----- Records

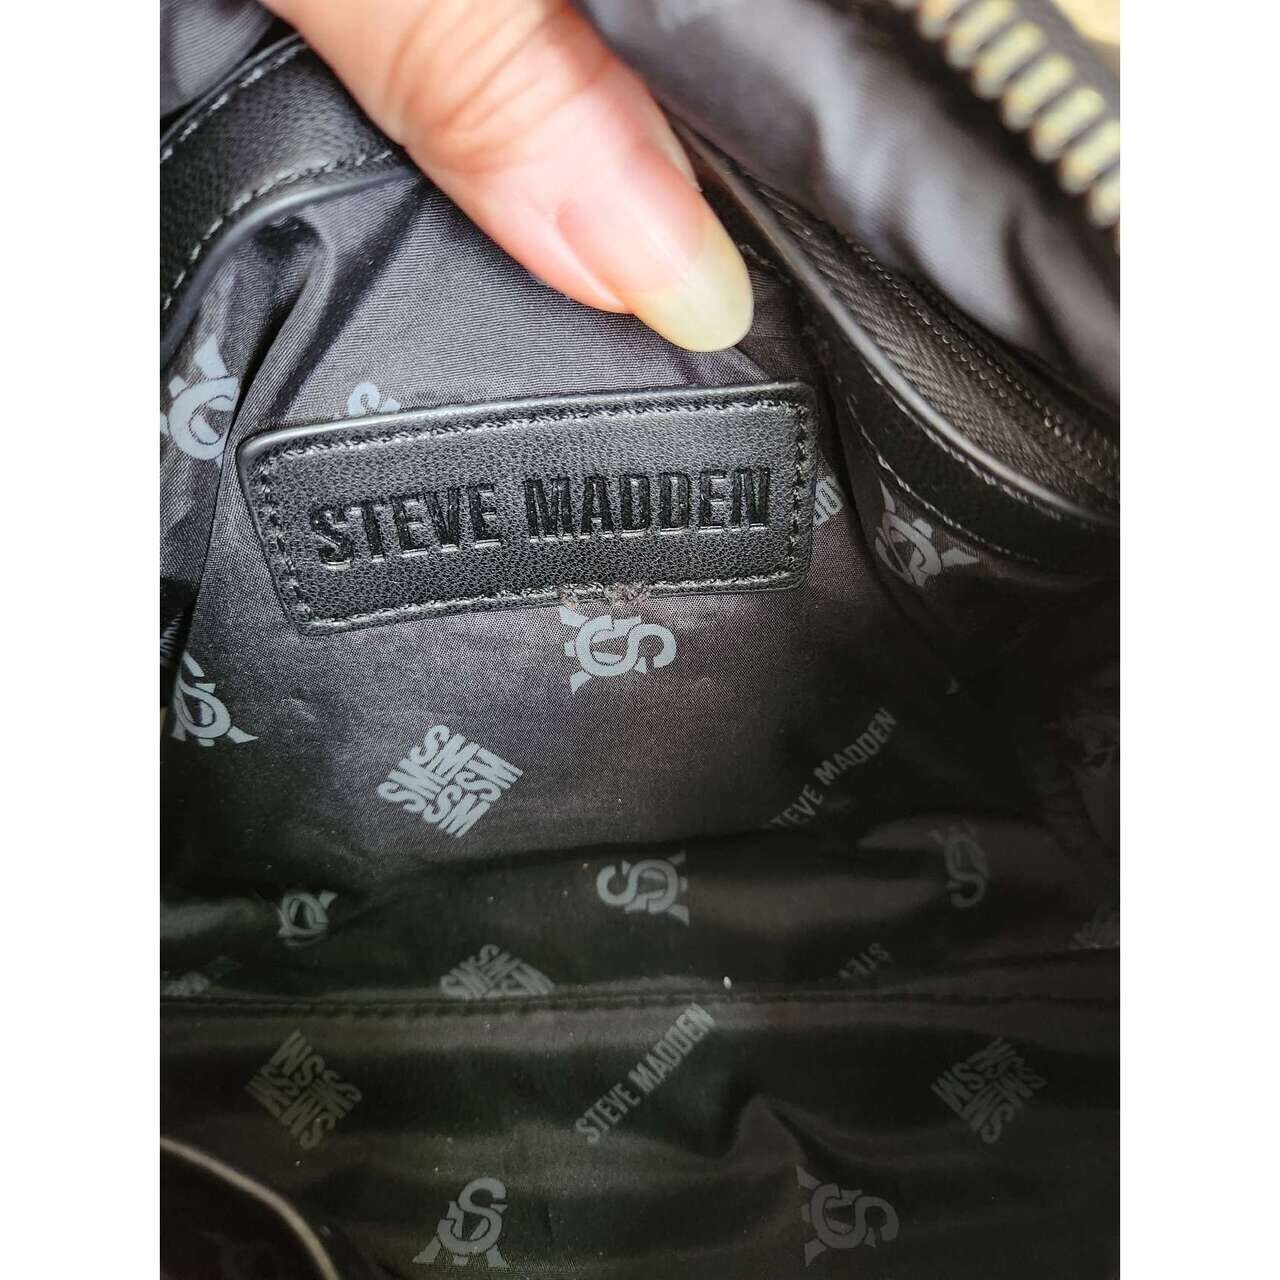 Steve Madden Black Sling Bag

----------
----- Records

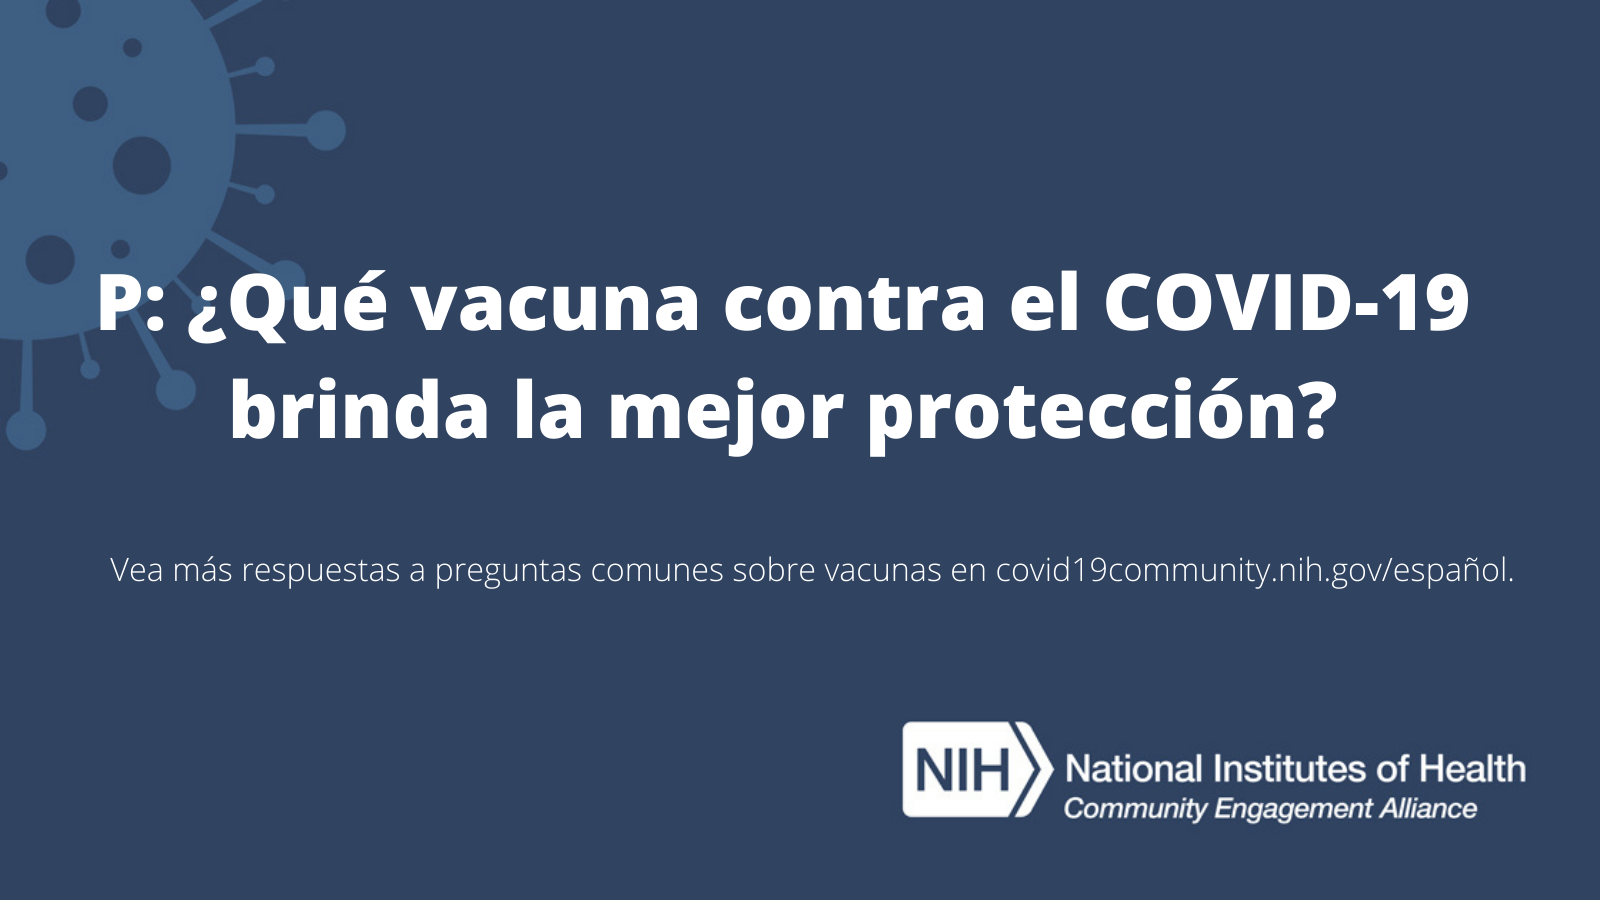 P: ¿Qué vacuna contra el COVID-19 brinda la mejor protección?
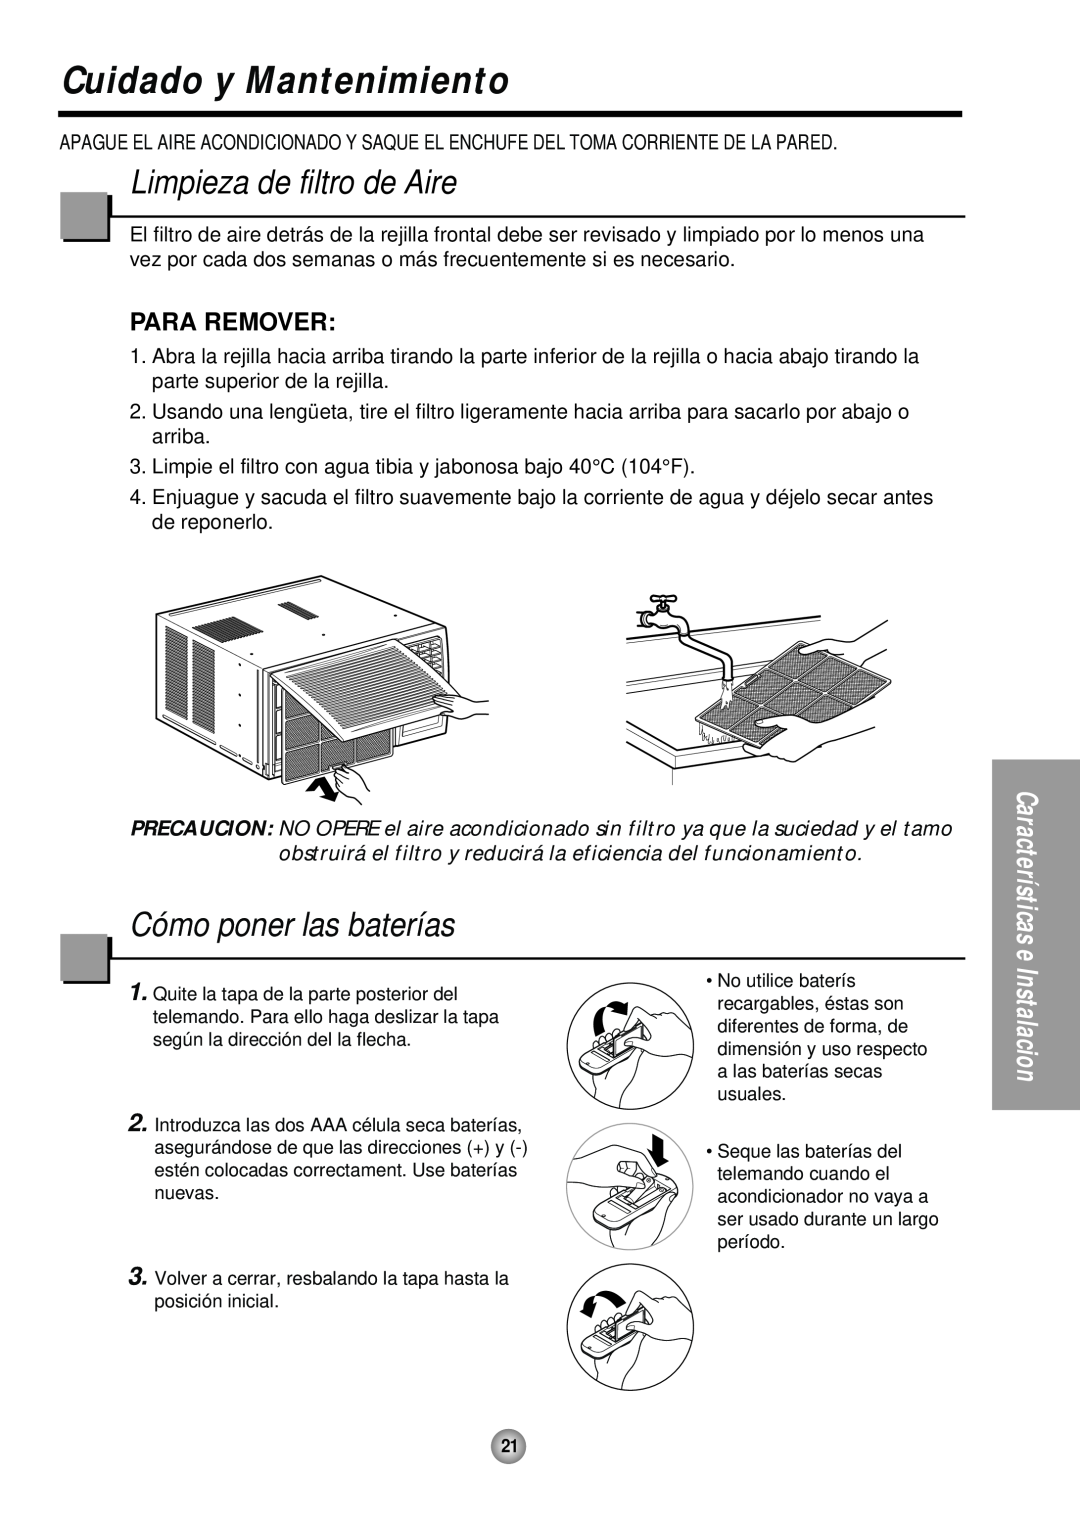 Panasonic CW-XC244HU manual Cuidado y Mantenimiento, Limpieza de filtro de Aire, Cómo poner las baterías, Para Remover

----------

Copy out exactly the material that runs from the line with "P: ¿Qué vacuna" to the line with "Panasonic CW-XC244HU manual", ends included, and leave the pictures behind.

▸ Reply to the exercise:
 P: ¿Qué vacuna contra el COVID-19 brinda la mejor protección?
 Panasonic CW-XC244HU manual Cuidado y Mantenimiento, Limpieza de filtro de Aire, Cómo poner las baterías, Para Remover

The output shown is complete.